10.12.06

na rabeira da cidade

estava longe de casa. a bola amarela rolava na sua frente. chutava aquele passatempo, como quem tocava a vida em frente. bem na frente. na mão direita, por baixo da camiseta pólo amarela, surrada, provavelmente doada por alma caridosa, leandro segurava um saquinho. aspirava de vez em quando. olhando para os lados.

tinha 12 anos e queria chegar na praça da sé, mas logo mudou o destino para a praça da árvore. não sabia ao certo o que queria. estava confuso. provavelmente entorpecido pelas sensações causadas pela mais acalentadora das drogas entre os meninos de rua. mas disse que não morava na rua. mas não sabia também o que iria fazer na praça da árvore.

escondeu o saquinho dentro da camiseta. em seu ventre. entrou no ônibus que levava ao centro, e também à praça da árvore. a velhinha, ingênua, acostumada com um bairro nobre, ainda o alertou sobre sua bola, esquecida na calçada. deu de ombros. a bola amarela foi apenas sua acompanhante durante a madrugada. chutando, chutando... entre aspiradas.

passou por baixo da catraca sem pedir ao cobrador, que num lampejo nem pensou no dinheiro do patrão. era domingão. o moleque precisava dar uma volta. mesmo que sem destino. dentro do ônibus, pediu discretamente um trocado a uma senhora que subiu três pontos na frente. ela disse que não tinha. estava indo para a ingreja. mas e o dizimo?

a igreja precisa muito mais do dizimo que aquele menino. afinal, o próximo bazar para angariar fundos para a paróquia estava próximo. muito mais importante que aplacar a fome daquele garoto, que perdeu a 'carona' no busão de volta para casa. apenas o irmão, alex, "conseguiu pegar rabeira". leandro acabou caindo.

já estava no centro. rápido assim. bem mais rápido que imaginava. disse que iria para a sé "arrumar um dinheiro". idéia louca. domingão não é dia de pedir dinheiro na sé. menos movimento, talvez. um saco de cola custava 5 reais. mentiu. concordou que era dinheiro demais e diminuiu para R$ 1,00. "uma bolona assim, ó", fez com a mão.

estava sonado. cheirou dois sacos na noite anterior. ainda confuso. contou que gostava da cola pela sensação. era "quase um viciado", porque quando estava em casa sentia falta, às vezes. eram prazerosas as tais visões. falou também que quando cheirava, olhava para as pessoas e elas derretiam. "se olho para aquele cara, aos poucos, ele vai mudando".
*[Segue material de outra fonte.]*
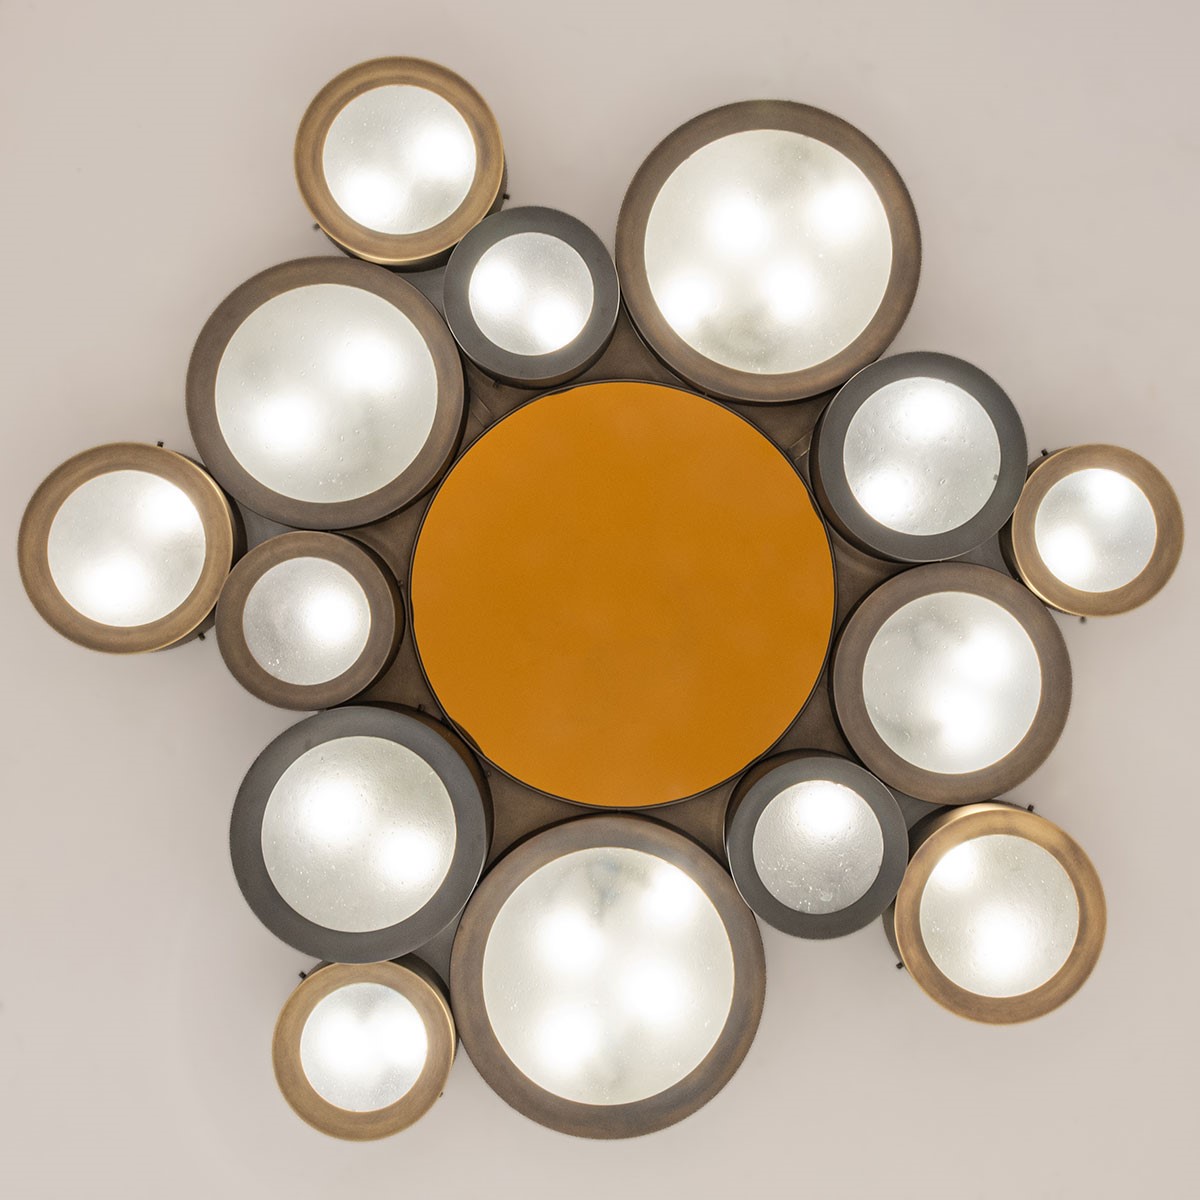 Helios Ceiling Light by form A, gaspare asaro

em casa, o cara aparece de novo na sua cabeça, ele contou bem baixinho. de repente, aparecia. como uma visão, aparecia na mente. em realce. se encantou com a movimentação da feira, na rua paralela por onde passava o busão. mudou de caminho, apertou a parada. desceu com a meta de comer alguma coisa e pedir dinheiro entre a elite, freqüente ali.

na feira, andam entre os humildes. fazem caridade e lavam suas almas. tiram um pouco do peso das costas, afinal, estão ajudando um pobre moleque de rua. faz bem pro ego, é como se ganhassem o dia. quando chegam em casa, com a mesa farta e filhos ao redor, já nem se lembram mais do menino carente. que segue seu caminho clandestino. na fé, negô.